In Fig. 1, the piston feed speed v of the die casting device is also plotted over the path. Up to a degree of filling of the die of about 80 vol.%, The piston feed speed v is expediently increased. This results in a particularly effective filling of the die. The piston feed speed v then remains constant up to a filling level of at least 90% by volume. The piston feed speed v is reduced to zero or almost zero when a filling level of at least 90% by volume, preferably 98% by volume is reached. The die casting mold remains depressurized for a short period of time before the second casting pressure p2 of approximately 400 bar is applied by a slight further advancement of the piston.

In FIG. 2, the compressive strength of Al metal foam samples is plotted against the density. Al metal foam samples of an Al metal foam plate made from a wrought alloy and Al metal foam samples of an Al metal foam plate made from a cast alloy are shown in comparison. In typical density ranges from 0.6 to 0.7 g / cm ³ , the compressive strength of the Al metal foam samples of both alloys is between 7 and 10 MPa. The Al metal foam sheet made on the basis of a wrought alloy shows little scatter in terms of its density and compressive strength.

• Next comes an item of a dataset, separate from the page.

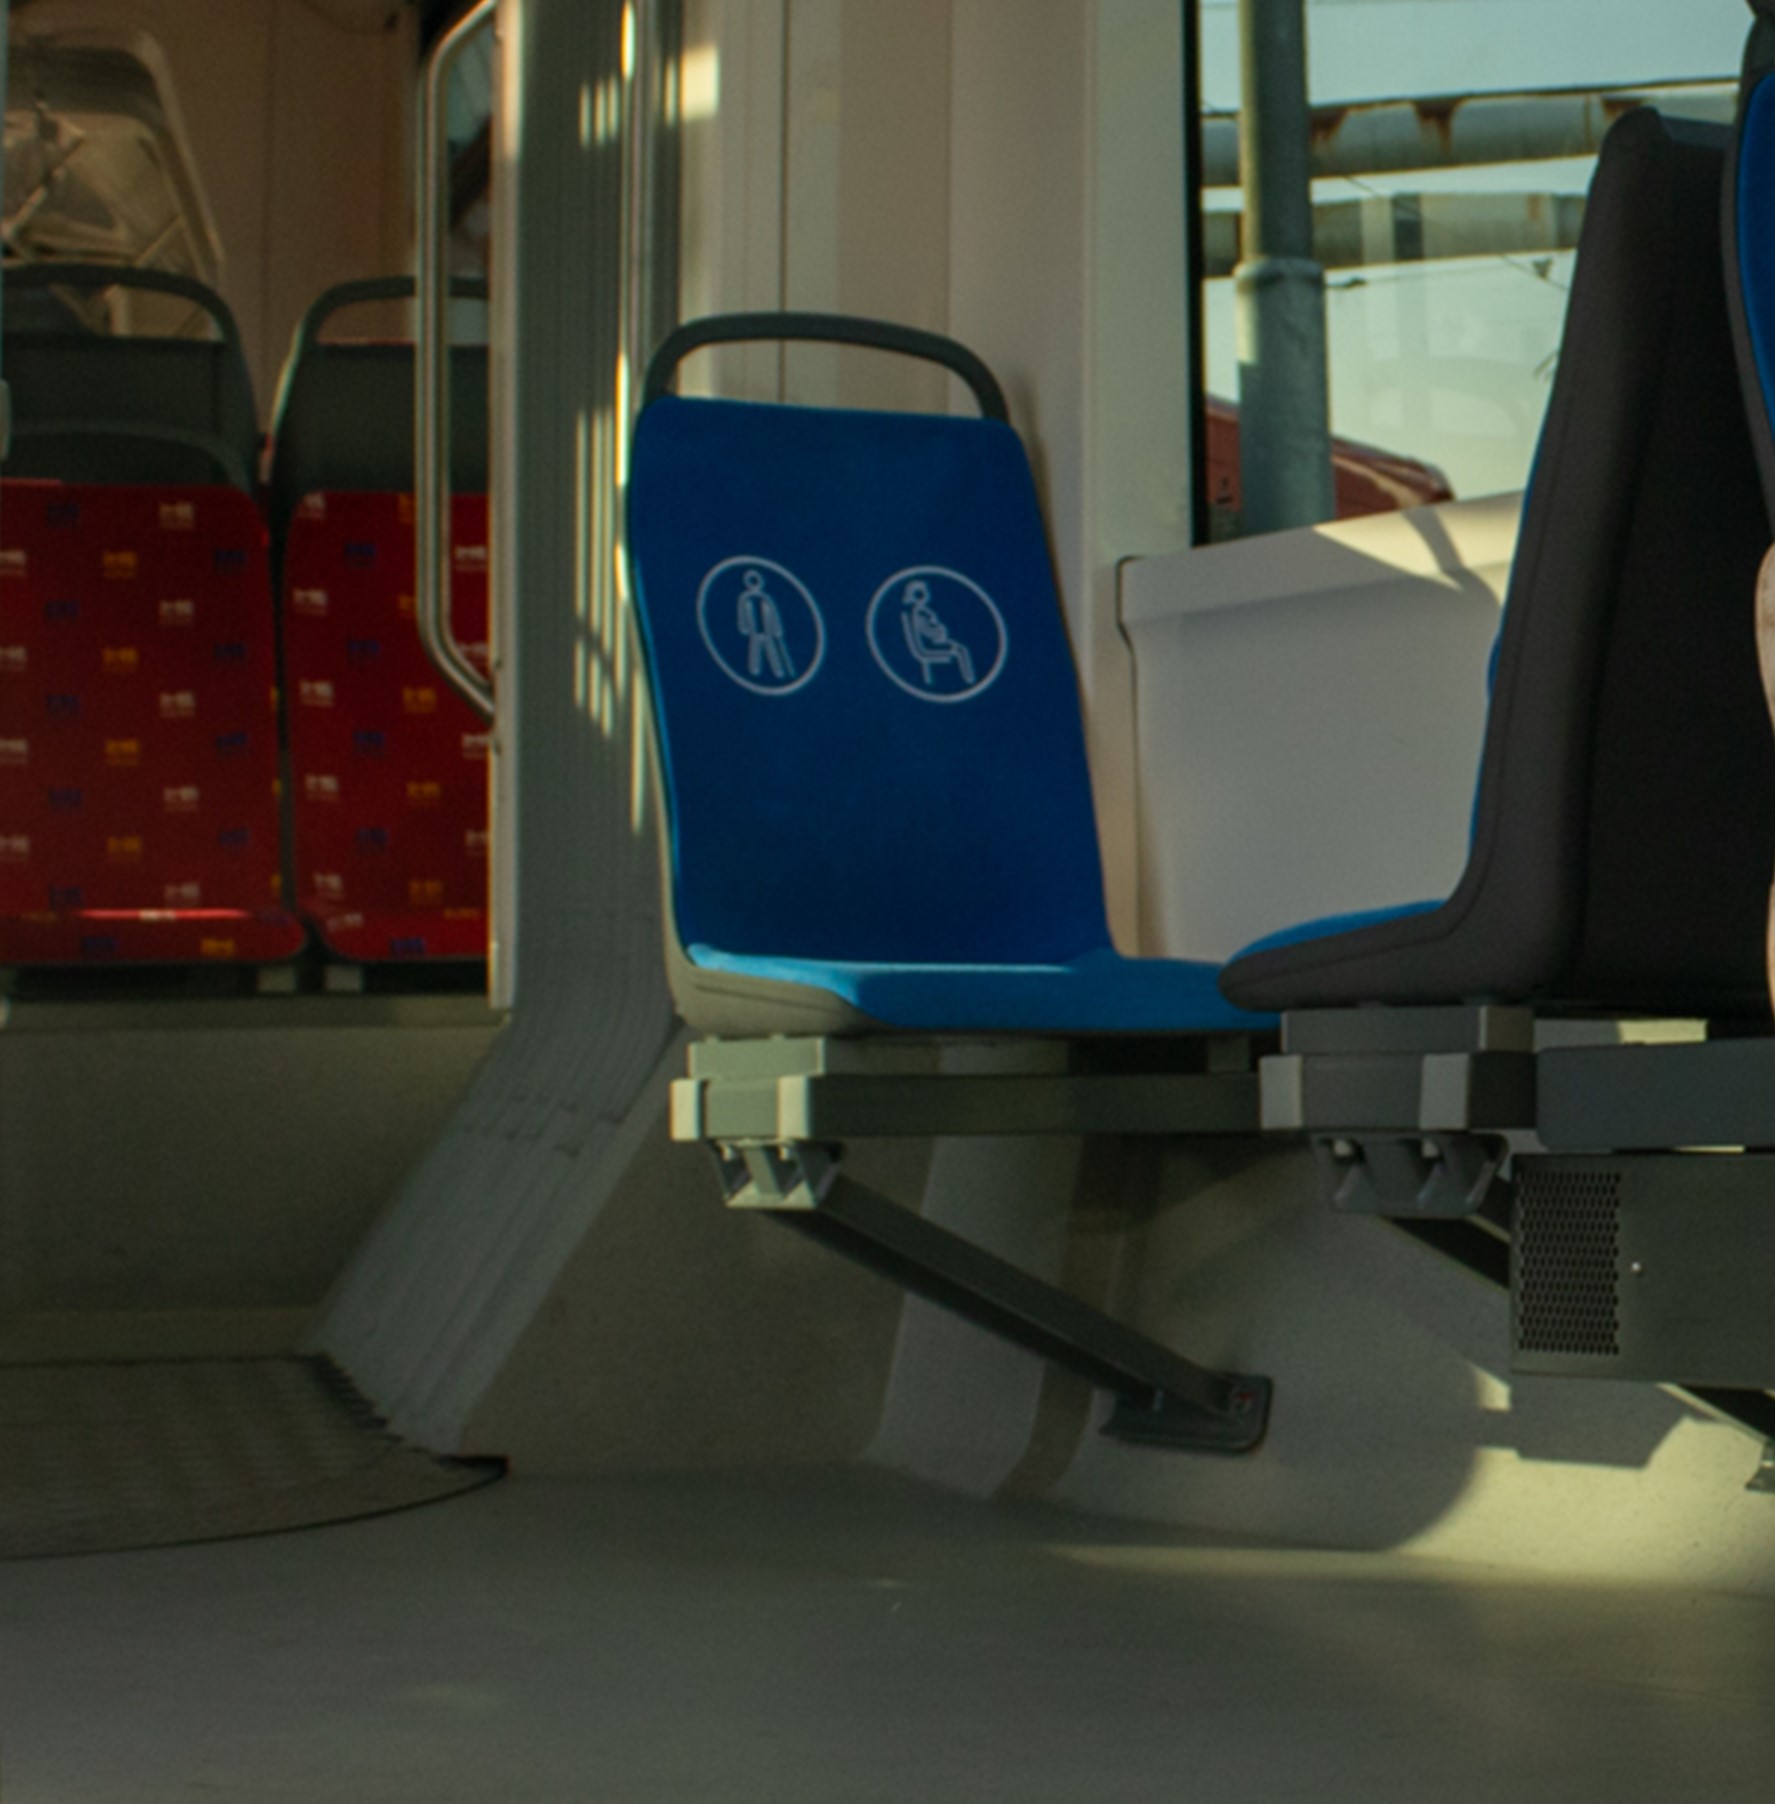 Na obrázku je záber na sedačku v autobuse, ktorá je modrej farby a na chrbtovej časti má výrazné biele piktogramy s označením človeka s bielou palicou či nastávajúcej matky.

FIG. 3 shows a metal-foam core 1 is surrounded by an Al wire flame-spraying layer. With 2 a stegarti ger spacer is referred to, which has been made in one piece with the metal foam core 1 made of aluminum.

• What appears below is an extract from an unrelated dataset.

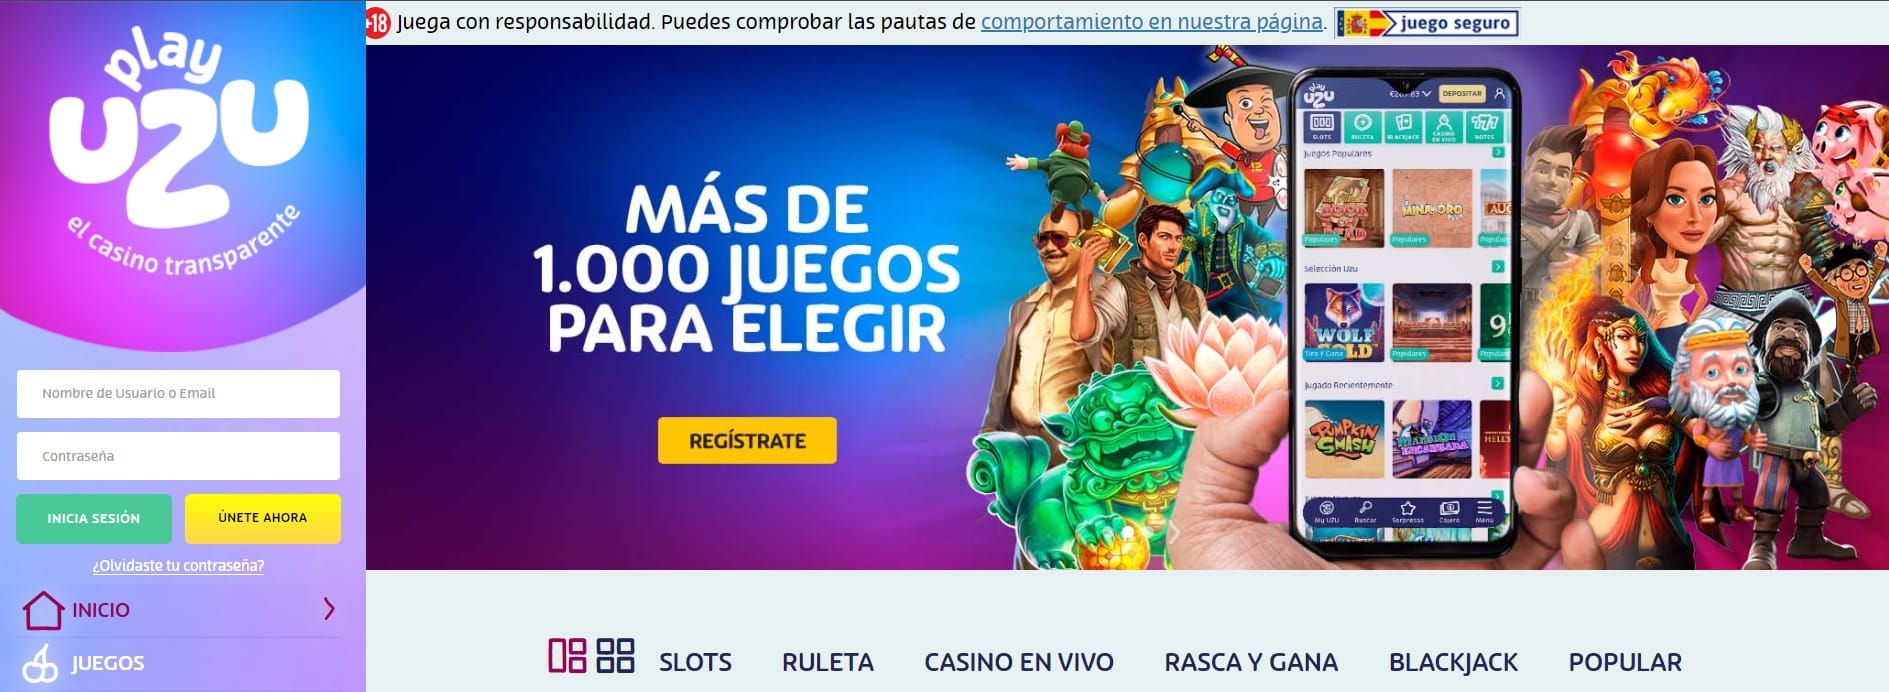 playuzu casino online legal espana

In FIG. 4, a metal foam core 1 is shown, which is surrounded with a ceramic slurry. The slip layer is made from a MgAl spinner.

Fig. 5 shows a composite structure in which the metal foam core 1 with the spacers 2 formed thereon is surrounded by a metal body 3 . The metal body 3 , like the metal foam core 1, is made of an aluminum alloy.

Claims (12)

1. A method for producing a composite structure in which a metal foam core ( 1 ) with a metal body ( 3 ) is provided, with the following steps:

• a) producing a metal foam core ( 1 ) with a substantially closed surface,
• b) inserting the metal foam core ( 1 ) into a pressure casting mold,
• c) filling the die with a first casting pressure (p1),
• d) lowering the first casting pressure (p1) as soon as the pressure casting mold is filled to at least 90% by volume,
• e) complete filling of the die, the first casting pressure (p1) being reduced to zero or almost zero, and
• f) applying a second casting pressure (p2) and holding it for a predetermined holding time.

2. The method of claim 1, wherein the first (p1) and / or second casting pressure (p2) according to a predetermined Pressure / time profile is applied. 3. The method according to any one of the preceding claims, where at the first casting pressure (p1) less than the second casting pressure (p2) is. 4. The method according to any one of the preceding claims, where the pressure caused by the second casting pressure (p2) on the metal foam core ( 1 ) is less than the pressure strength. 5. The method according to any one of the preceding claims, where the pressure caused by the first casting pressure (p1) on the metal foam core ( 1 ) is less than 25 bar. 6. The method according to any one of the preceding claims, where at the by the second casting pressure (p2) on the metal foam core caused pressure is greater than 25 bar. 7. The method according to any one of the preceding claims, where at the metal foam core ( 1 ) in one piece spacers ( 2 ) are integrally formed. 8. The method according to any one of the preceding claims, where the spacers ( 2 ) are formed as web-like elevations. 9. The method according to any one of the preceding claims, where is encased in the metal foam core ( 1 ) before step b of claim 1 with egg ner thermally resistant layer. 10. The method of claim 9, wherein the thermally resistant layer by means of thermal spraying or dipping in a ceramic slip is produced. 11. The method according to any one of the preceding claims, where where the thermally resistant layer of aluminum or is made of Al / Mg mixed oxide. 12. Component manufactured according to the method according to one of the previous claims.